Veterans Day 2018

militaryI have never served in the U.S. military.   In the late sixties, when young men my age were staring the draft in the eye … with horrible images of the Vietnam War staring back at us from our TVs every night … I was working for a defense company that designed equipment for the Navy’s submarines, at that time considered a major deterrent against attack by Russian submarines.   I filed for a deferment with the support of my employer who was willing to state that my work was critical to national security and … four defermonths later … I received a letter stating that my request had been denied.  I was officially draftable.  Recently married and not wanting to spend two years of my life in the jungles of Vietnam, I applied and was accepted to the Air Force Officer Candidate School.  A few days before I was ready to accept my commission, I got a second letter saying my deferment had been granted.

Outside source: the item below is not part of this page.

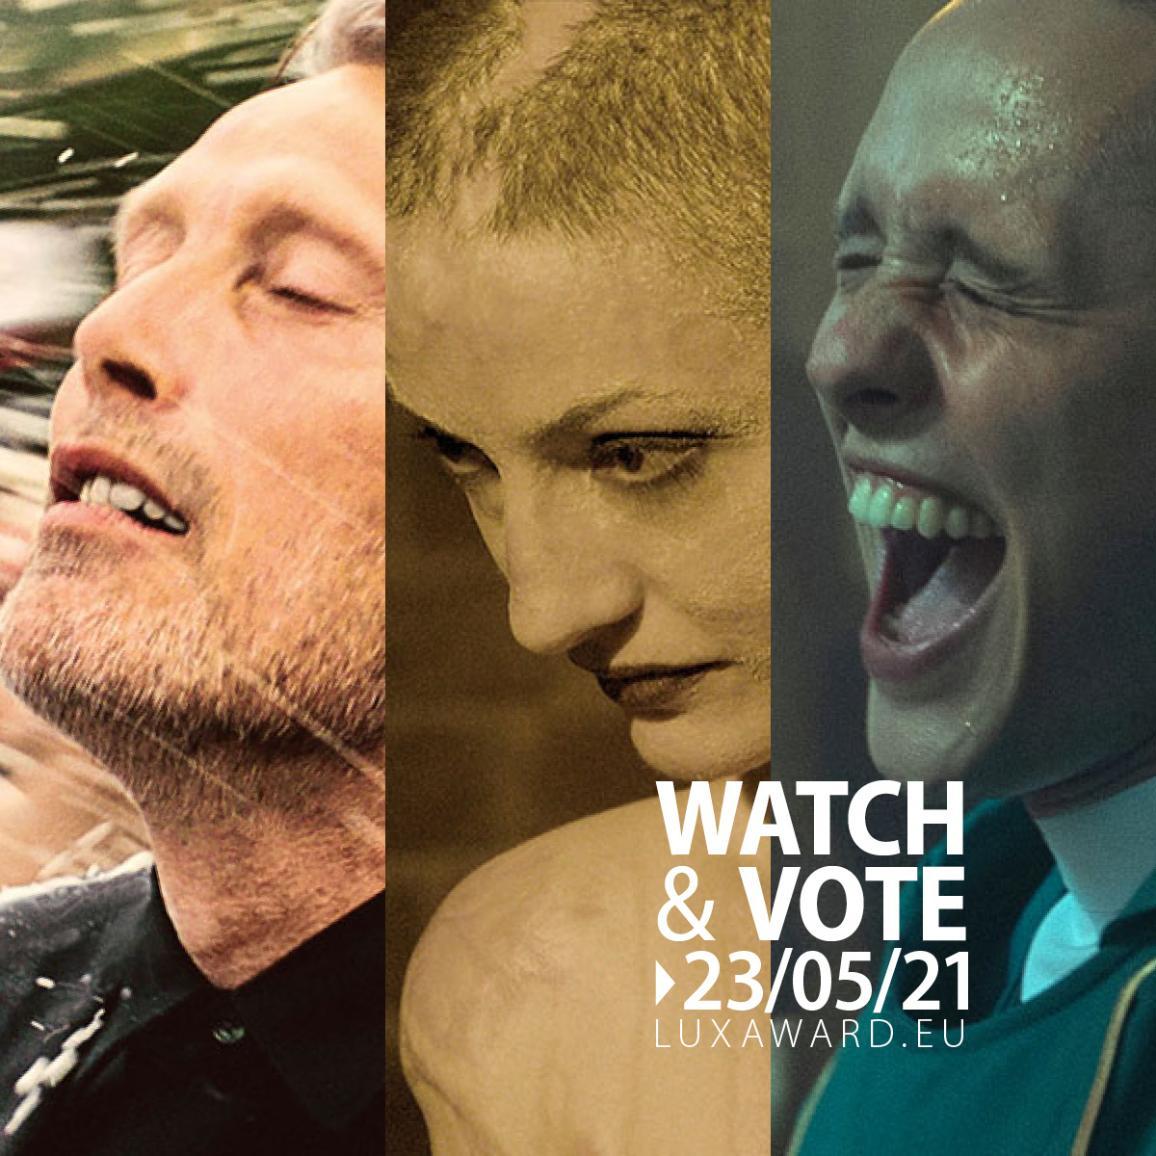 _3-films_watch-and-vote_EN.jpg

Fifty years later, I rarely recall my almost-call to military service.   After all, I wasn’t a draft dodger.  I didn’t run off to Canada.  My government agreed that what I was doing as a civilian was more important than being a soldier.  But on two holidays a year … Veterans Day and Memorial Day  …  I join the chorus of citizens thanking those who have served and those who have died during their service.   My thanks are genuine but tinged with a sense of gratitude that I didn’t have to and guilt that I didn’t.  I know from other articles on the internet that I am not alone.

In an article in The Federalist titled 3 Reasons to Stop Thanking Me for My Military Service, Stanton S. Coerr, former marine says: Thanking veterans for their service is like flying the flag in front of your house or going to confession: (it) lets you off the hook for what you have—or haven’t—done.  Every time I am thanked for my service, he continues, I stop myself from asking, “And what about yours?” I do not want you to also serve the military, but I do want you to serve our country, your city, your town, the local school. What are you doing to help? Are you volunteering at the hospital? The soup kitchen? Are you helping that elementary-school teacher in the inner city, the one who is buying her students pencils from her own pocket because the school district cannot? Are you donating to the fire department down the street?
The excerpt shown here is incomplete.